Military press to the front: 155x10, 175x3, 175x3
Side lats, drop sets: 45x12, 35x12, 25x17
Incline front barbell raises: 40x10, 40x5 w/2,0,2 timing
Upright rows: 100x6, 110x6

Skull crushers: 130x5, 150x5 w/2,0,0 timing, 150x3
Pushdowns: 110x6, 120x4
Kick backs: 30x6 w/0,1,0 timing

Barbell curls: 115x4, 125x4 w/3sec neg
Incline dumbell curls: 50x5,50x4
Standing cable curls: 70x8


----------



## Fade (Sep 6, 2002)

> _*Originally posted by Twin Peak *_
> What the hell kinda leg w/o is that?????????????/


I didn't have time to even finish this one much less the 100 rep one.

Goober


----------



## butterfly (Sep 6, 2002)

Oh, that's the night you claimes you were at the gym but Kevin didn't see you there... or his Viper parked out front!!!

I see how it is


----------



## Fade (Sep 6, 2002)

I WAS there that night. Sheesh


----------



## Fade (Sep 9, 2002)

*9/9/02*
*Legs*

Squats: 315x10, 405x5, 405x8, 405x10
Leg press: 860x10, 950x10, 1040x5, 1130x6, 1220x6, 860x10 2sec down

Stiff leg deadlifts: 225x11, 275x5, 315x4
Laying leg curls 1 1/4 rule: 150x8, 160x5, 160x6, 160x4

Seated calf raises: 140x15, 140x12, 140x11, 140x8
super set with
Donkey raises: 400x12, 400x15, 400x12, 400x6


----------



## naturaltan (Sep 9, 2002)

haha ... caught with your hand in the cookie jar Fade?


----------



## Fade (Sep 9, 2002)

I was there!!!! Dork


----------



## naturaltan (Sep 9, 2002)

I've been called worse ...


----------



## butterfly (Sep 9, 2002)

> _*Originally posted by naturaltan *_
> haha ... caught with your hand in the cookie jar Fade?

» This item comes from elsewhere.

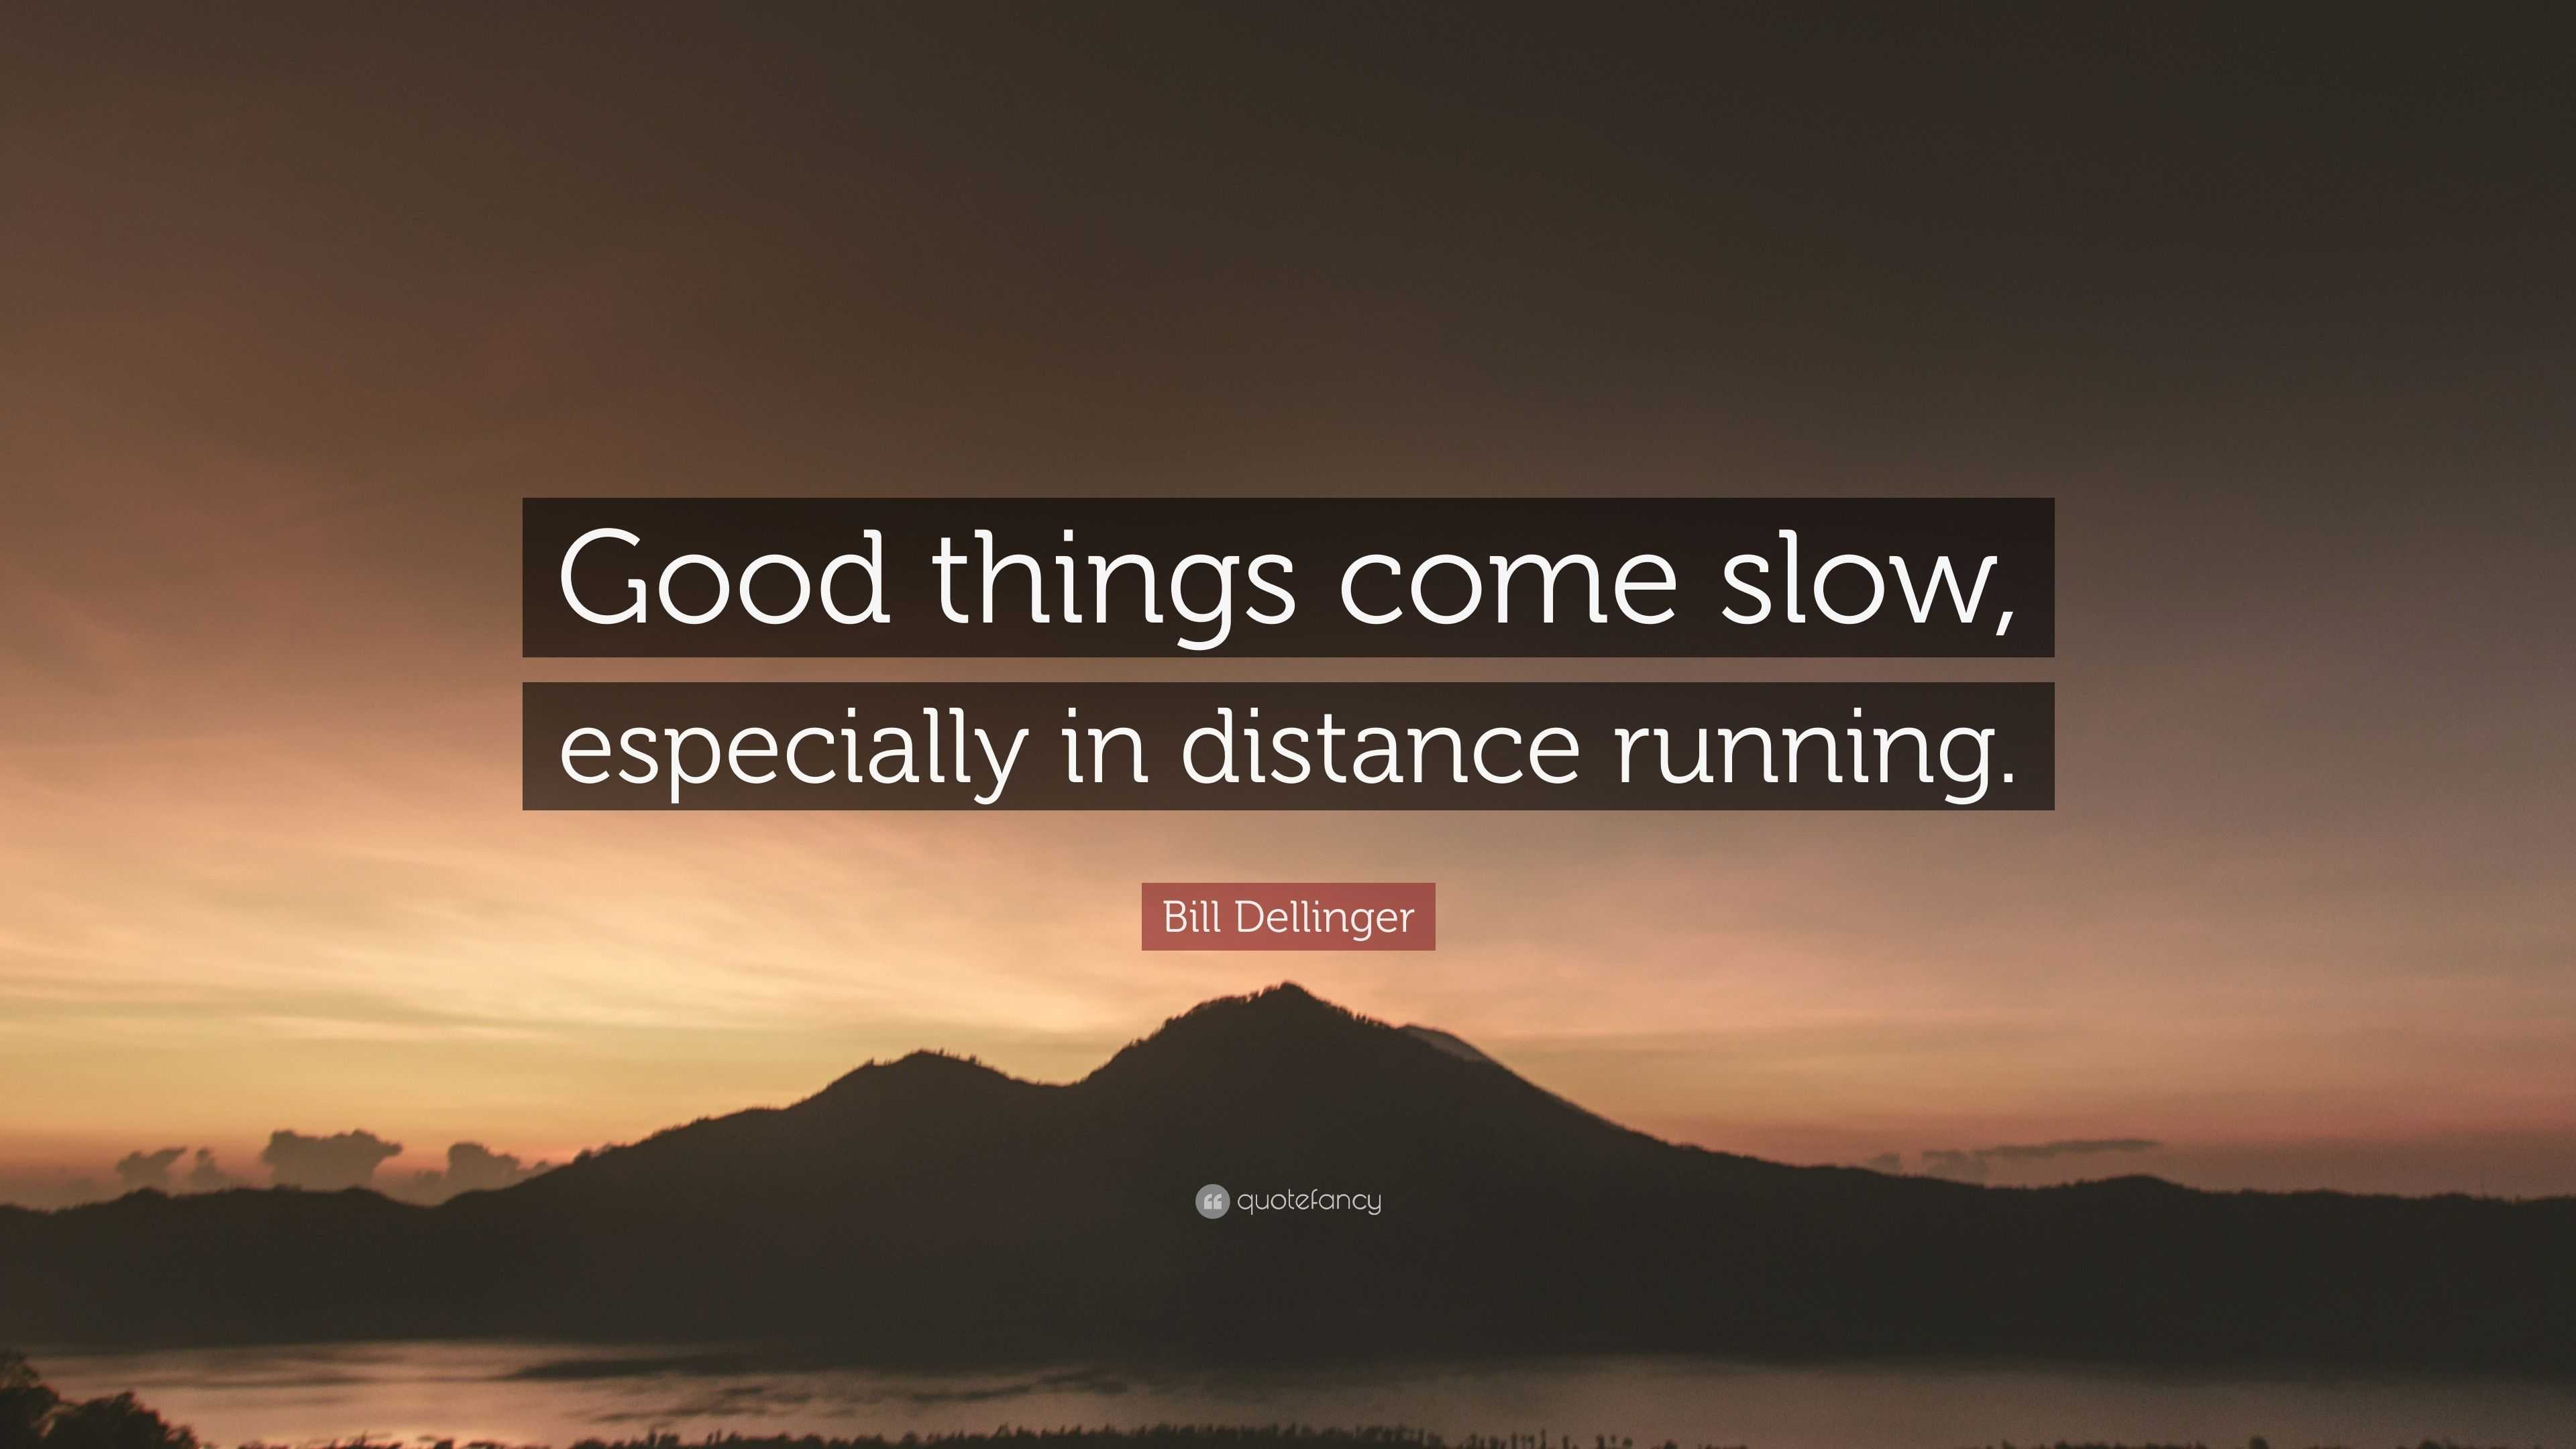 3305787-Bill-Dellinger-Quote-Good-things-come-slow-especially-in-distance.jpg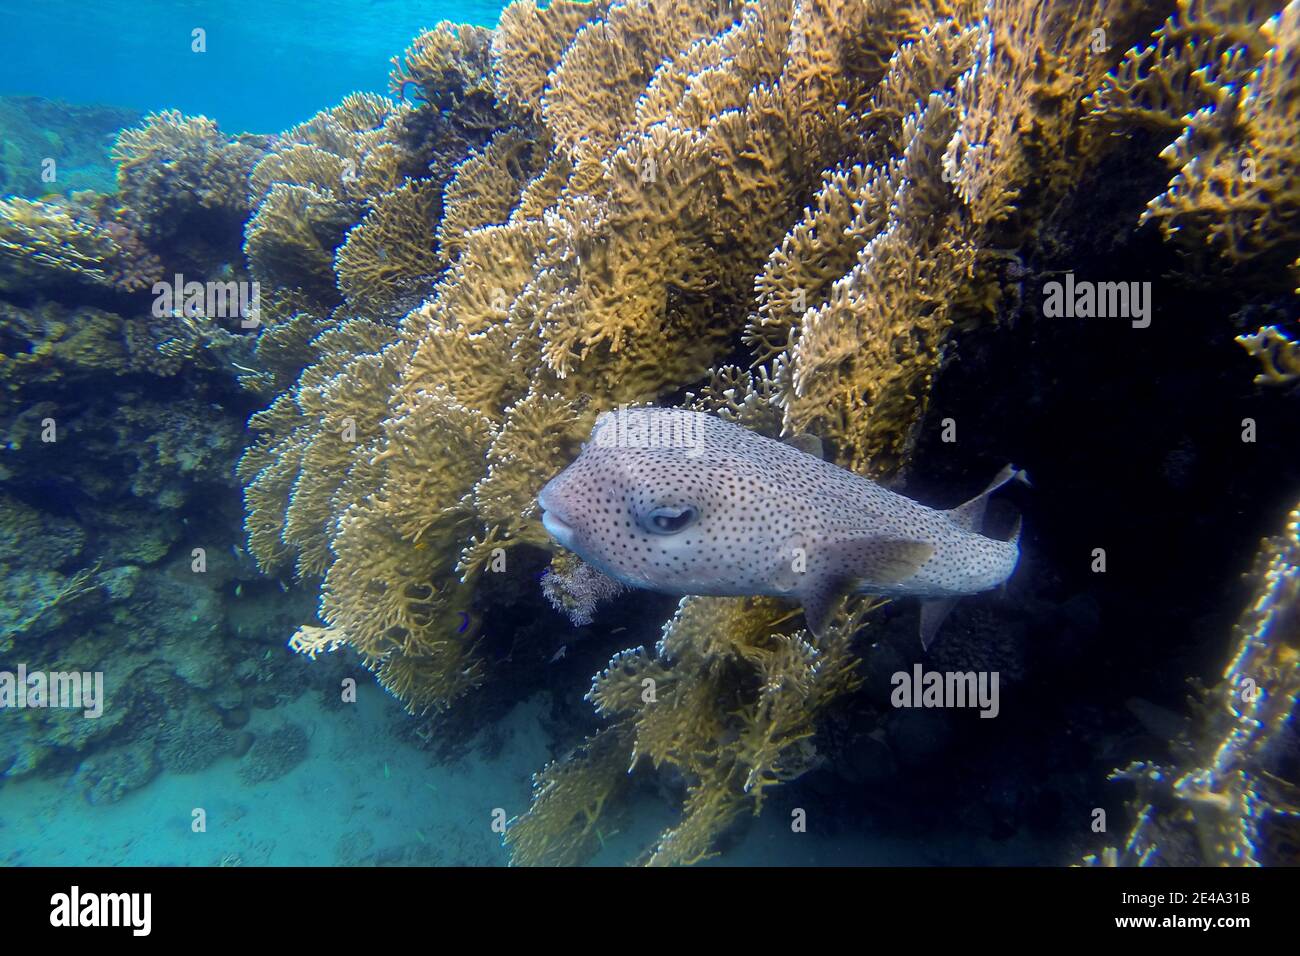 large Hedgehog Fish in the sea looks Stock Photo

I'm only giving him a hard time... if he had been caught you'd have never heard from him again


----------



## Fade (Sep 9, 2002)




----------



## Fade (Sep 10, 2002)

*9/9/02*
*Chest*

Flat bench: 225x8, 225x6, 245x3, 245x3
I hate chest. I never get stronger fuq fuq fuq
500lb squat, 455lb DL, and I can't even bench 300lbs. FUQ FUQ FUQ!!

Incline dumbell bench: 90x5, 80x7, 80x7

Dips BW+: 90x5, 90x4, 45x6

Machine bench drop set: 150x8, 120x8, 100x8

Flat flys: 40x5, 40x5, 45x3


*Food for the day*
Meal 1: isopure shake, half serving cell-tech

meal 2: 6oz tuna in oil

meal 3: 6oz chicken, .5 cup sweetpotato, .5 cup okra, 1 cup dressing

meal 4: 6oz chicken, 1 can asparagus

post workout meal 5: Metrx rtd 40, full serving cell-tech

Meal 5: problend protein shake


Hush about the amount of liquid protein.


----------



## Fade (Sep 11, 2002)

*9/10/02*
*Back*

Deadlift: 315x10, 365x3, 405x2, 405x3
T-bar: 180x6, 180x6, 205x3
Wide grip chins: BWx10, BWx8, BWx3
Cable Rows: 220x8, 250x4, 200 w/3sec hold
Shrugs: 270x10, 270x10, 360x9, 360x6, 360x6

*Food for the day*

Meal 1: isopure shake
Meal 2: 7oz tuna in oil
Meal 3: 6oz chicken, root beer
Pre workout: half serv of cell-tech
Post workout: full serv cell-tech, rapid recovery drink
Meal 4: 6oz chicken w/1tbsp butter
Meal 5: pro blend protein shake


----------



## EarWax (Sep 12, 2002)

Hey Fade, I got my leg presses up to 430 x 10 lbs now.  That's a lot of weight around here and some people were impressed.  LOL.  I just sat there imagining what would happen if you were here doing your 1000 pounders.


----------



## Fade (Sep 14, 2002)

Keep up the good work on LP. 


I had a friend that could leg press the same and we would go to different gyms around Houston on leg day to be showoffs.


----------



## Fade (Sep 14, 2002)

*9/14/02*
*Legs*

Squats: 315x7, 405x7, 405x5, 405x10

Leg press: 860x10, 950x10, 1040x10, 1130x10, 1220x10
Super setted with stiff leg deadlifts
Stiff leg deadlifts: 225x10, 225x10, 225x10

Laying leg curls: 160x10, 160x8 1.25reps, 160x5 1.25reps, 80x5 single leg 1.25reps

Lead sled: stack 312.5x12, 312.5x10, 312.5x7

Seated calf raises: 135x12, 135x10, 180x8, 180x15, 180x15, 180x8, 135x10 slow


----------



## butterfly (Sep 15, 2002)

> _*Originally posted by EarWax *_
> Hey Fade, I got my leg presses up to 430 x 10 lbs now.  That's a lot of weight around here and some people were impressed.  LOL.  I just sat there imagining what would happen if you were here doing your 1000 pounders.


430???

Dude my 14 yr old son can do 500 for 10 reps!!!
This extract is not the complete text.